"Masalah-masalah yang timbul di perbatasan menjadi prioritas diselesaikan, sehingga jangan lagi ada yang menggosok-gosok rakyat," kata Oesman Sapta ketika melakukan kunjungan bersama unsur pimpinan MPR, DPR, dan DPD di perbatasan Indonesia-Malaysia, Entikong, Kalimantan Barat belum lama ini.
Menurutnya, tidak benar jika dikatakan pemerintah, MPR, DPR, DPD maupun pemerintah daerah, pimpinan militer dan kepolisian tidak memperhatikan wilayah perbatasan.
"Perhatian terus diberikan, tapi memang ada yang sudah dan ada yang belum tercapai," katanya dalam dialog yang dipandu Bupati Sanggau Damianus dan dihadiri Gubernur Kalbar Cornelis.
Karena itu, lanjut Oesman, di waktu mendatang, semua pihak mesti memberikan prioritas pada penyelesaian masalah-masalah masyarakat di perbatasan yang belum tuntas.
Salah satu persoalan di perbatasan Entikong yang dikeluhkan masyarakat terkait status kepabeanan dan sulitnya belanja kebutuhan sehari-hari dari wilayah Malaysia. Apalagi, mereka dibatasi berbelanja hanya 600 Ringgit Malaysia. Di lain pihak, suplai produk-produk buatan Indonesia di wilayah perbatasan juga sulit diperoleh karena faktor infrastruktur jalan tidak mendukung.
Masyarakat pun sempat melakukan demo dan membentangkan sejumlah spanduk menyambut kedatangan para anggota MPR, DPR dan DPD. Salah satu tuntutannya meminta seluruh instansi segera menarik diri dari wilayah kerja perbatasan jika justru membatasi aktivitas masyarakat.
"Kami ini dulu ada di wilayah Brunei Darussalam, tapi karena hati kami Merah Putih kami menetap di sini.
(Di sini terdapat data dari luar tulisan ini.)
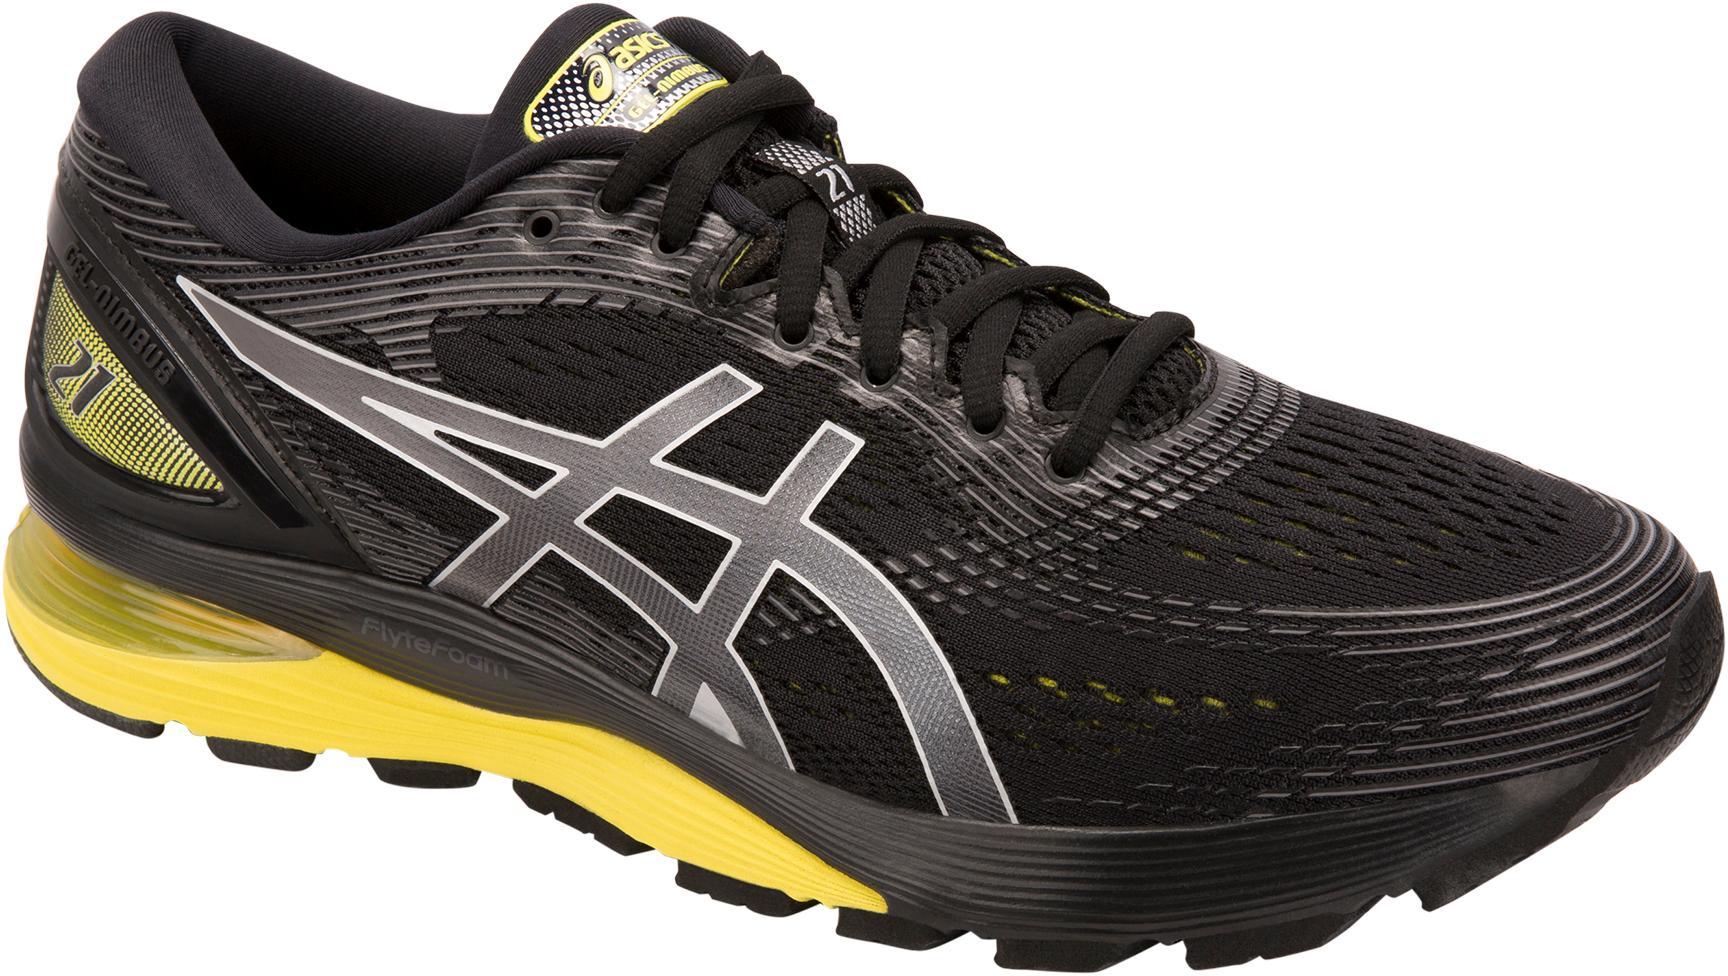 ASICS GEL-NIMBUS 21 Laufschuhe Herren schwarz-lemon-spark im Online Shop von SportScheck kaufen Gute Qualität beliebte Schuhe

Tapi, sekarang banyak aturan yang membatasi kami, termasuk pembatasan belanja 600 Ringgit yang mesti diperbarui," ungkap Ketua Dewan Adat, Damianus.
Dia juga mengeluhkan, sekalipun sudah dibangun Unit Pengelola Pos Pemeriksaan Lintas Batas (UP3LB) sejak 1991, kondisi tidak berkembang di Entikong. Bahkan, beberapa ratus meter dari perbatasan Entikong, pihak Malaysia membangun suatu dryport atau pelabuhan ekspor impor yang dikelola secara terpadu.
Oesman Sapta mengatakan, tidak ada salahnya untuk belajar pada hal-hal baik yang sudah dilakukan di Malaysia.
"Di sana mereka membangun suatu dryport tempat ekspor impor terpadu di atas tanah seluas 53 hektar. Nah, karena itu dinilai baik, mengapa kita tidak mencontoh saja mendirikan seperti itu di wilayah kita. Apalagi, pengerjaannya diserahkan pada pihak swasta dengan pemberian insentif tertentu untuk mengelola," terangnya.
Ditambahkannya, tentu saja apa yang dilakukan tidak boleh menabrak ketentuan maupun Undang-Undang Perdagangan yang berlaku. Sekalipun begitu, Oesman berharap melalui rombongan terlengkap MPR berkunjung ke Entikong yang diikuti para Ketua Komisi DPR-RI, Anggota DPD dan 11 pejabat kementerian teknis yang meliputi Kementrian Perdagangan, Keuangan, Perhubungan, Keamanan dapat mengkaji dan menindaklanjuti persoalan yang ada.